D'où provient notre clinique courante ?
Elle provient d’abord de tout le courant du XIXe siècle et du début du 20e où la
sémiologie des maladies mentales a connu un grand essor. Les auteurs classiques ont
défini de grandes entités cliniques avec leurs signes plus ou moins spécifiques et la
sémiologie que l'on trouve dans les grands traités
reste indispensable au repérage
courant. Cependant le grand essor des traitements médicamenteux, au-delà des
premiers jours, a transformé considérablement la sémiologie. Tous les signes sont
atténués et n'apparaissent plus dans leur clarté de l'époque pré-médicamenteuse.

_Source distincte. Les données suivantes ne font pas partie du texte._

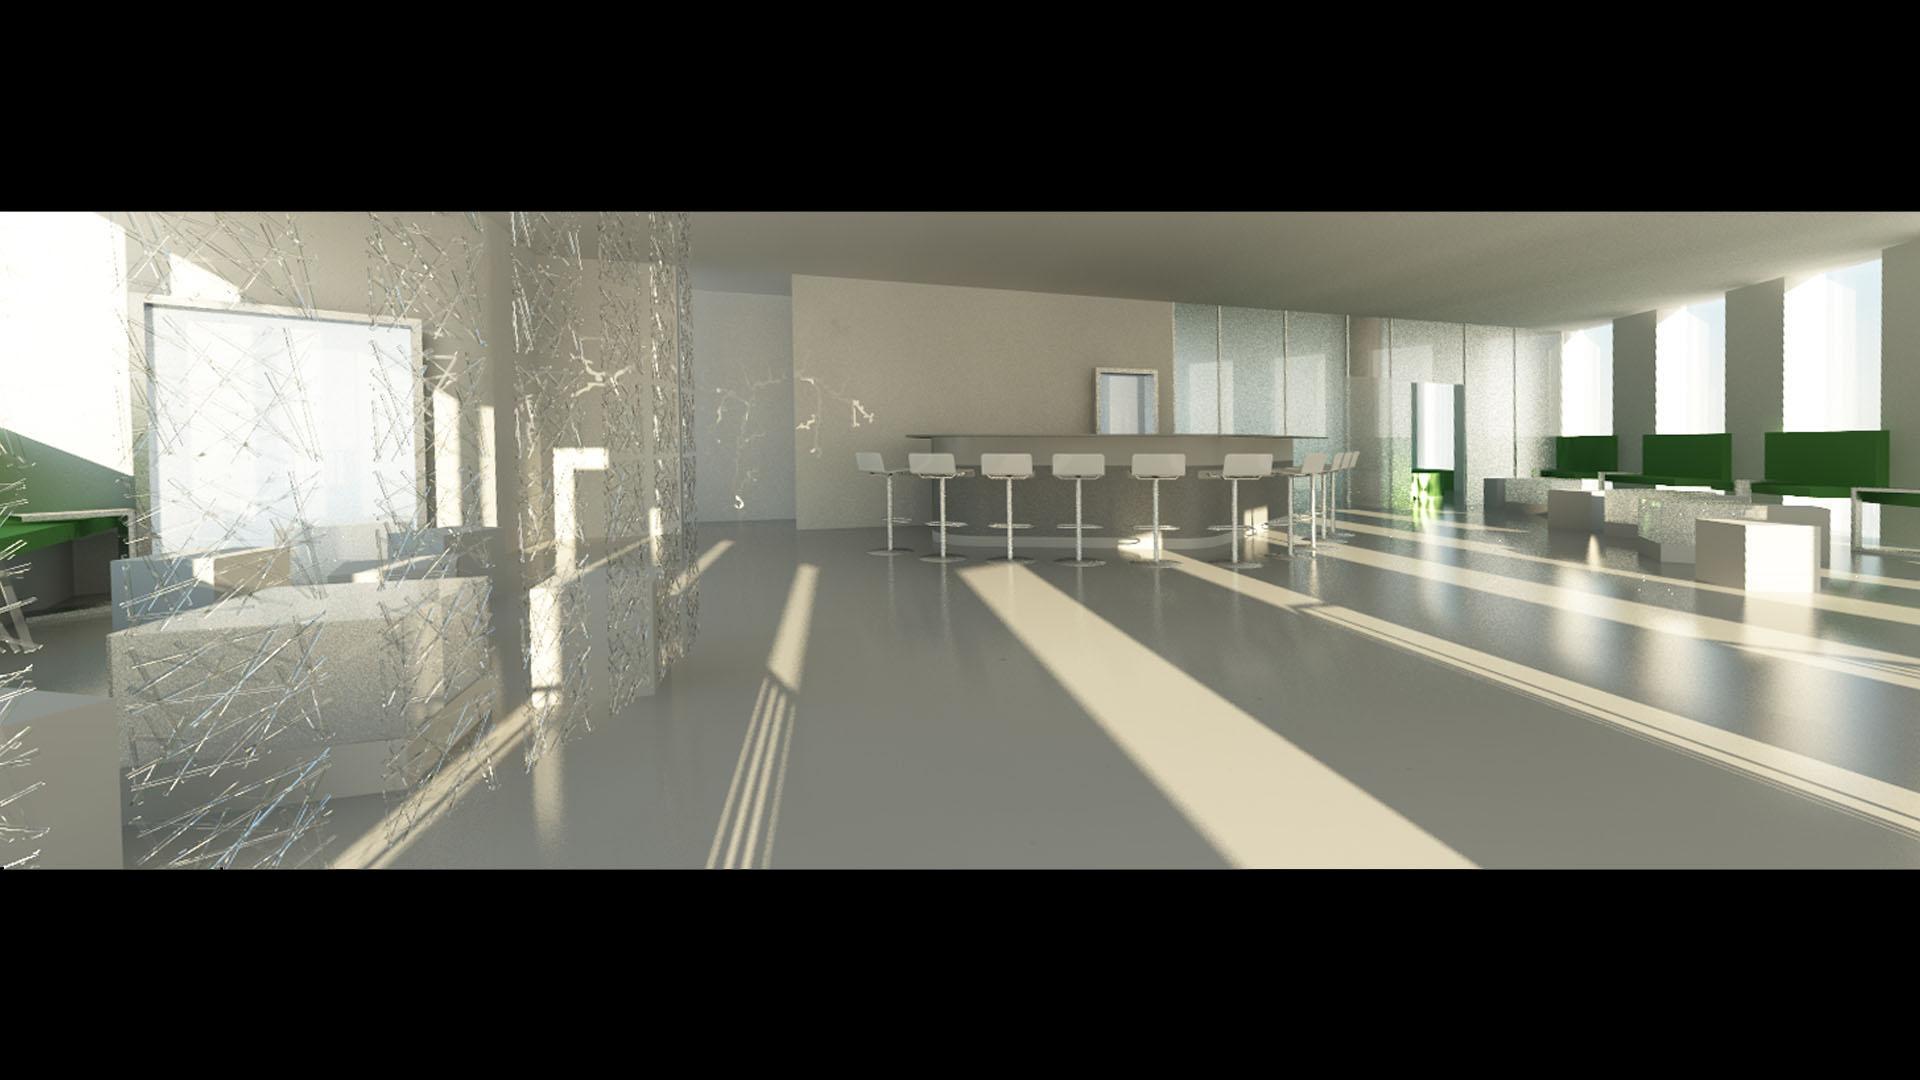 MAASS-Lichtplanung_Gestaltungskonzept Bar__MAASS-Poseidon-Bar-006

Cette sémiologie s'est en outre constituée dans les conditions particulières de
l'observation au sein d'un asile fermé dans lequel les patients séjournaient très
longtemps voire même toute leur vie. Assistés, réduits à l'inaction, isolés de leur
famille et de leur milieu habituel, amical et professionnel, pris dans une structure
contraignante, parfois inhumaine, les patients évoluaient plus ou moins rapidement
vers des états déficitaires ou une radicalisation des symptômes qui justifiaient leur
hospitalisation au très long cours. Leur délire, par exemple était d'autant plus
florissant et pouvait se prêter à une description détaillée dont l'intérêt de nos jours,
s'est beaucoup amenuisé.
En effet, à partir des années 1960, s’est développée une clinique beaucoup plus
relationnelle qui a modifié notre façon de connaître les patients. La psychiatrie de
secteur a élargi le champ d’observation dans le temps mais surtout dans l’espace
relationnel des patients. Les intervenants psychiatriques, plus proches des malades,
peuvent les observer dans leur vie courante, dans leurs interactions avec leurs
familles et leur voisinage, parfois dans le milieu professionnel. Les rencontres avec la
famille, quand elle existe et qu’elle s’y prête, donnent des aperçus essentiels pour la
connaissance du malade et de son histoire. Les difficultés de gestion et de
maniement de l’argent, d’entretien du logement, les problèmes inhérents à l’activité
professionnelle, les effets de la conflictualité et du handicap psychique du patient sur
son univers matériel sont largement perçus, en particulier des assistantes sociales et
des infirmiers (ères) interviennent au domicile.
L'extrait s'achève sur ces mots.